> [Activity]: Could you reproduce all of the following entries exactly?

> [Data in this exercise]:
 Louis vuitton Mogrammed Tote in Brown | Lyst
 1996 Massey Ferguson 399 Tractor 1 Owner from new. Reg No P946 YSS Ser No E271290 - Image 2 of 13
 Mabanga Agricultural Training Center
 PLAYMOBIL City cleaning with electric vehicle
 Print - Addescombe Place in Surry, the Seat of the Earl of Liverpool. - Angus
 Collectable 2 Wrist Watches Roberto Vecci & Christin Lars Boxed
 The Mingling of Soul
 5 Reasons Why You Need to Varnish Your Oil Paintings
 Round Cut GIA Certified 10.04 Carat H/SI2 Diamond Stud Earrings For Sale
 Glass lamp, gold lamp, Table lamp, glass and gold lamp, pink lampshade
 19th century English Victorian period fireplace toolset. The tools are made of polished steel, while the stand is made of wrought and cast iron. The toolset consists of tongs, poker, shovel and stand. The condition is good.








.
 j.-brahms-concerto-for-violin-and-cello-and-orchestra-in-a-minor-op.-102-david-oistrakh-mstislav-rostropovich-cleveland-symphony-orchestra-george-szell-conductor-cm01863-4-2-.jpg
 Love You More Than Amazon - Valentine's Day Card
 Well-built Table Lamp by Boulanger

> [Worked solution]:
 Louis vuitton Mogrammed Tote in Brown | Lyst
 1996 Massey Ferguson 399 Tractor 1 Owner from new. Reg No P946 YSS Ser No E271290 - Image 2 of 13
 Mabanga Agricultural Training Center
 PLAYMOBIL City cleaning with electric vehicle
 Print - Addescombe Place in Surry, the Seat of the Earl of Liverpool. - Angus
 Collectable 2 Wrist Watches Roberto Vecci & Christin Lars Boxed
 The Mingling of Soul
 5 Reasons Why You Need to Varnish Your Oil Paintings
 Round Cut GIA Certified 10.04 Carat H/SI2 Diamond Stud Earrings For Sale
 Glass lamp, gold lamp, Table lamp, glass and gold lamp, pink lampshade
 19th century English Victorian period fireplace toolset. The tools are made of polished steel, while the stand is made of wrought and cast iron. The toolset consists of tongs, poker, shovel and stand. The condition is good.








.
 j.-brahms-concerto-for-violin-and-cello-and-orchestra-in-a-minor-op.-102-david-oistrakh-mstislav-rostropovich-cleveland-symphony-orchestra-george-szell-conductor-cm01863-4-2-.jpg
 Love You More Than Amazon - Valentine's Day Card
 Well-built Table Lamp by Boulanger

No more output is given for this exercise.